*** Opening of DATA LISTING ***
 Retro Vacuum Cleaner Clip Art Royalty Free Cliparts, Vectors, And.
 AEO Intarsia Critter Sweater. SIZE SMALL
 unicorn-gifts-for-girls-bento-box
*** Close of DATA LISTING ***
*** Opening of DATA LISTING ***
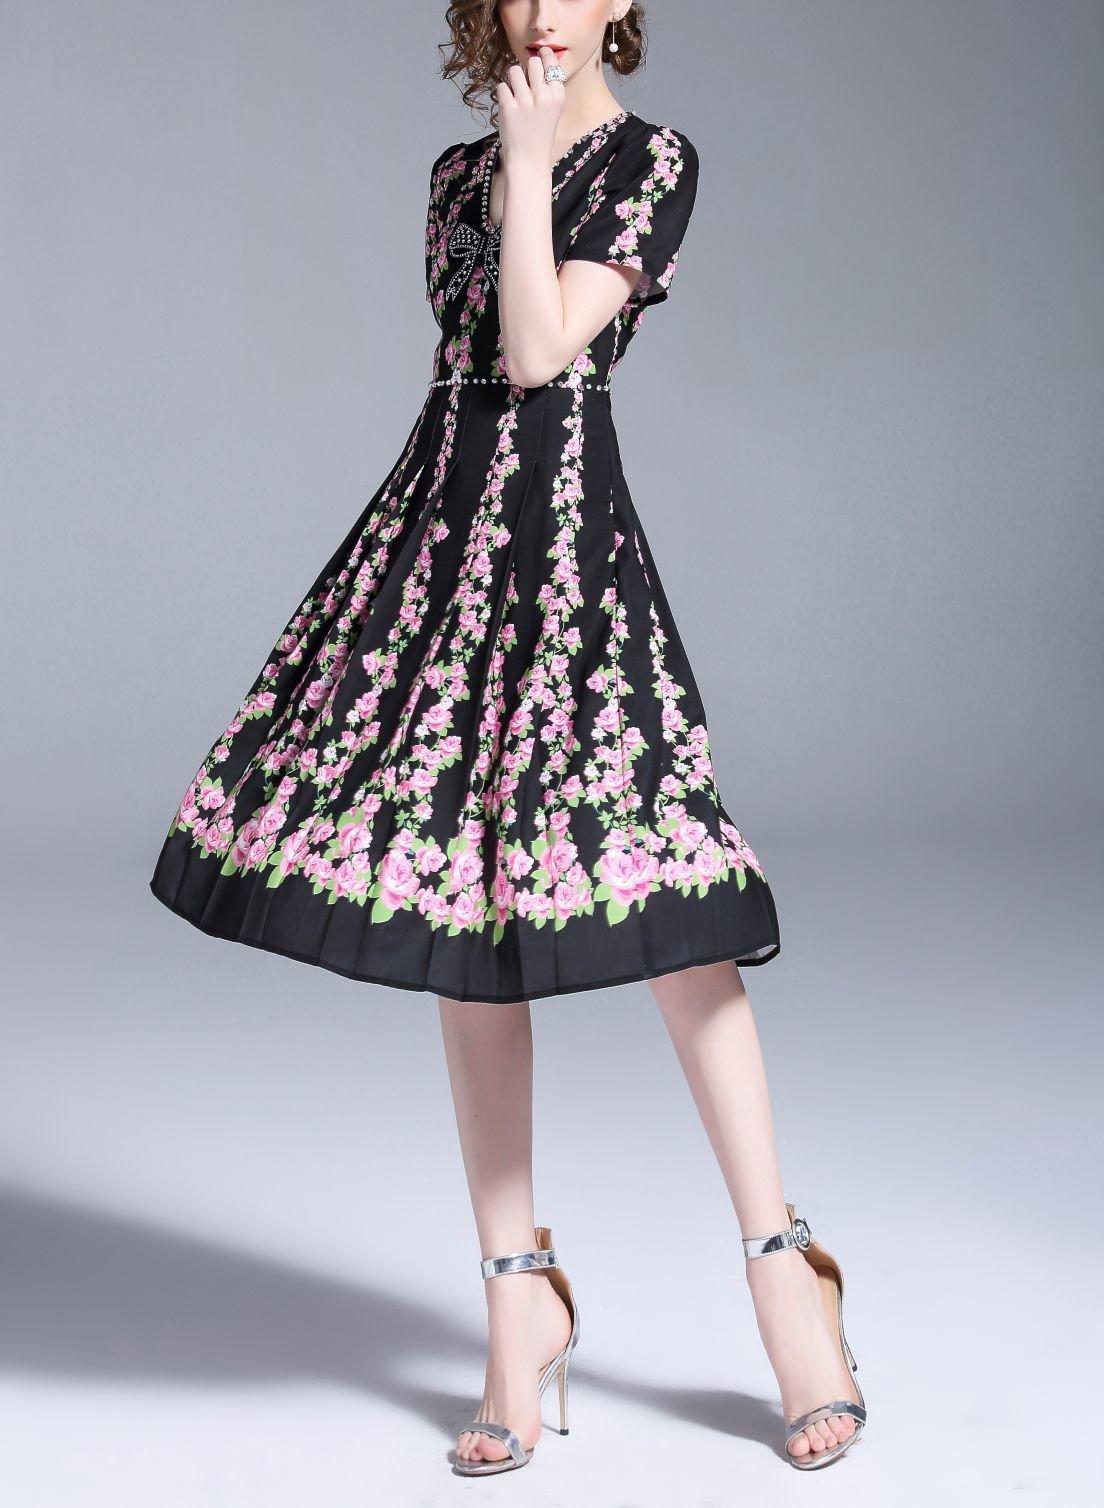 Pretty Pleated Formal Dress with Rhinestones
*** Close of DATA LISTING ***
◆ WORK ORDER ◆
Beginning at the line with "Retro Vacuum Cleaner" and stopping after the line with "unicorn-gifts-for-girls-bento-box", please write out every line of the data above exactly and nothing else.

◆ ANSWER BOX ◆
 Retro Vacuum Cleaner Clip Art Royalty Free Cliparts, Vectors, And.
 AEO Intarsia Critter Sweater. SIZE SMALL
 unicorn-gifts-for-girls-bento-box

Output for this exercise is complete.